ASSIGNED TASK
An exact reproduction of the data below is expected, free of images.

SUPPLIED MATERIAL
<<<<
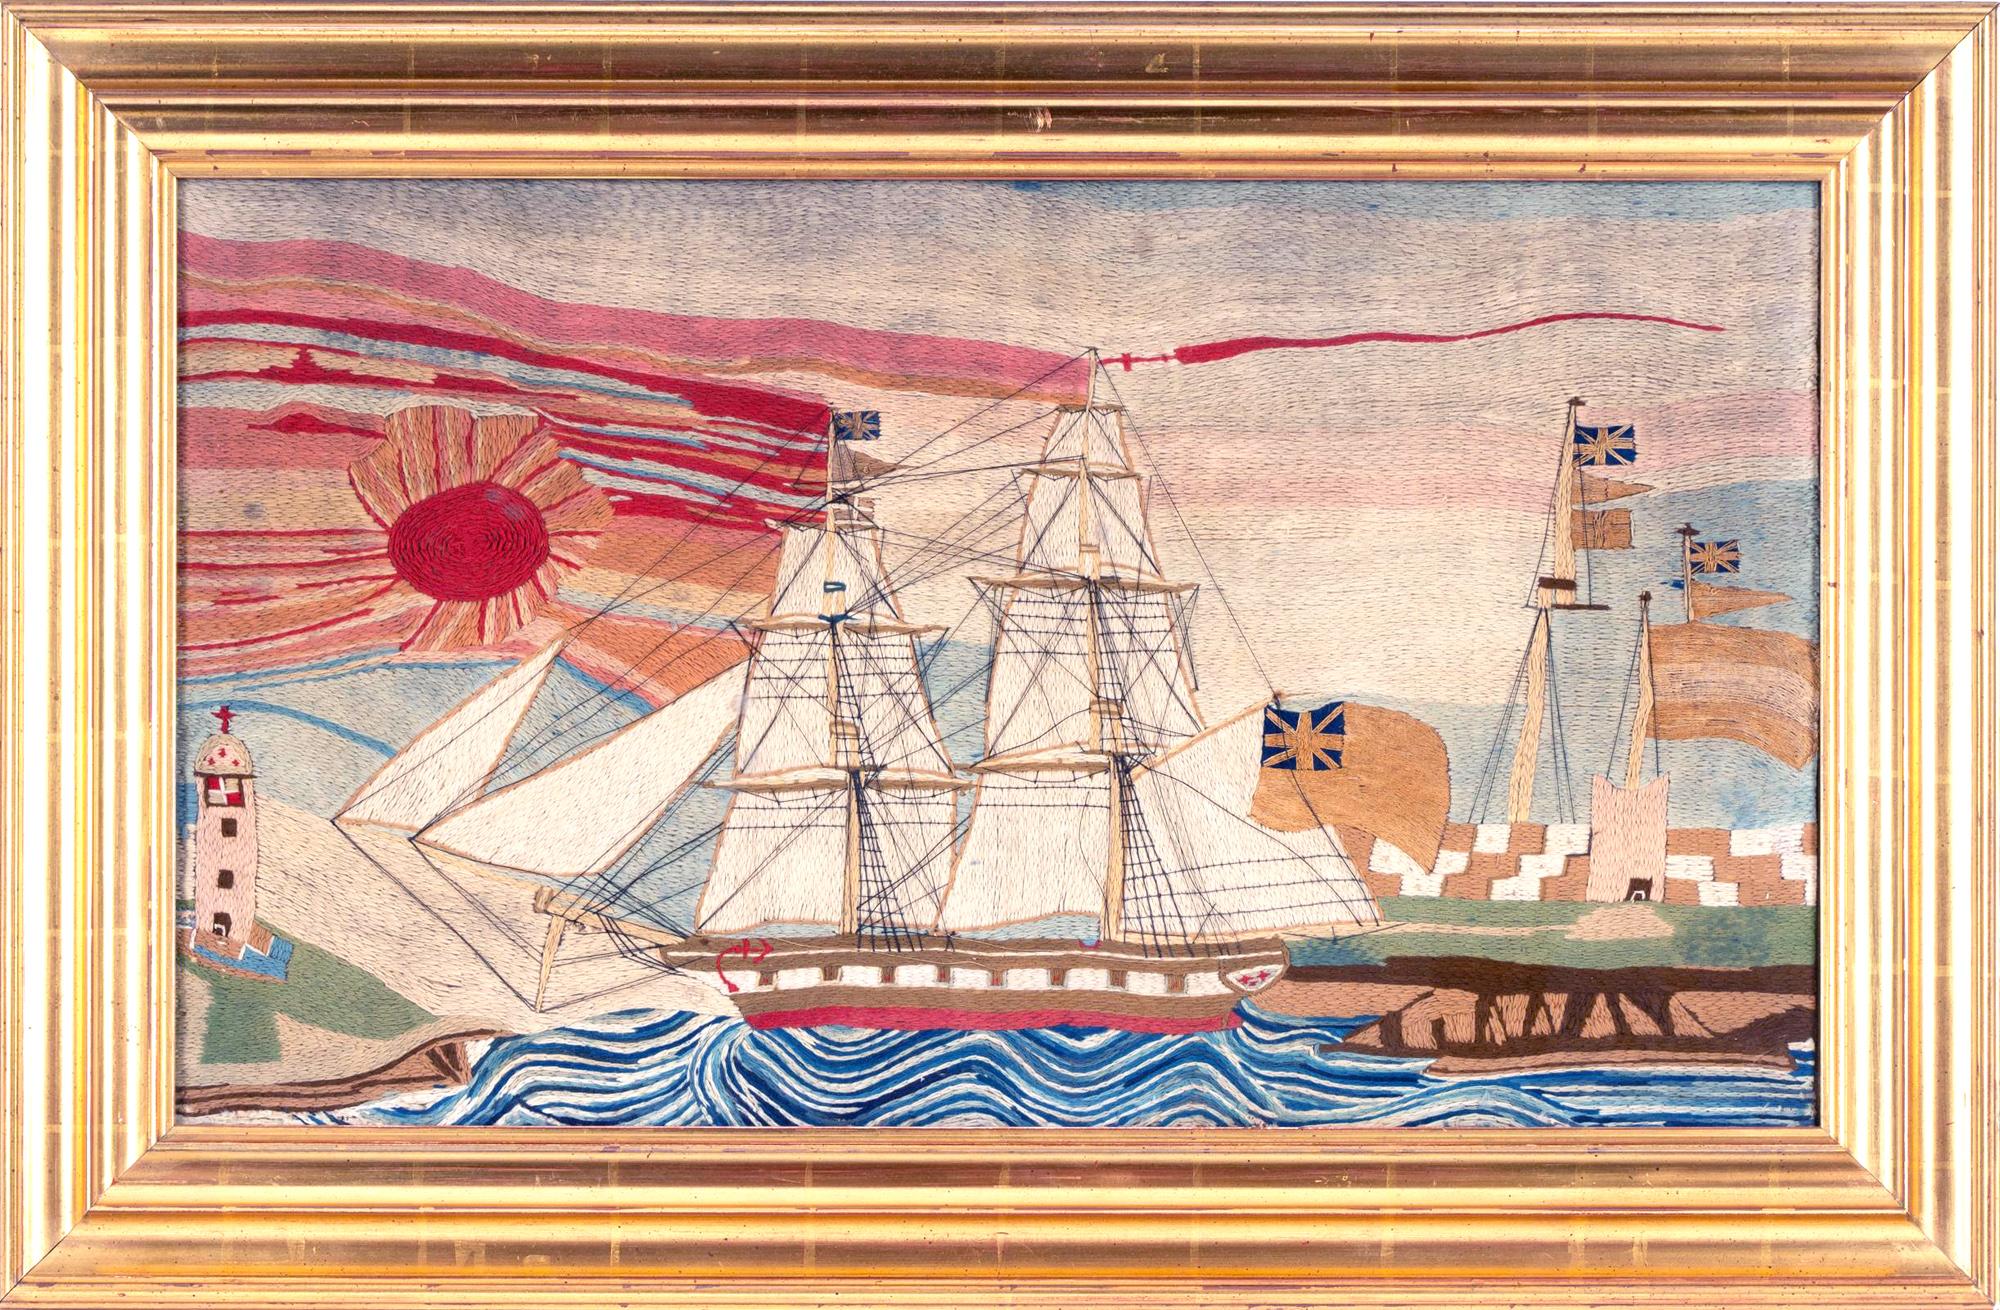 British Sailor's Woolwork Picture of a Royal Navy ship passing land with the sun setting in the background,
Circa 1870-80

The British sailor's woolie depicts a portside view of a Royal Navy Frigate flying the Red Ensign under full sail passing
>>>>
RESULT OF THE EXERCISE
 British Sailor's Woolwork Picture of a Royal Navy ship passing land with the sun setting in the background,
Circa 1870-80

The British sailor's woolie depicts a portside view of a Royal Navy Frigate flying the Red Ensign under full sail passing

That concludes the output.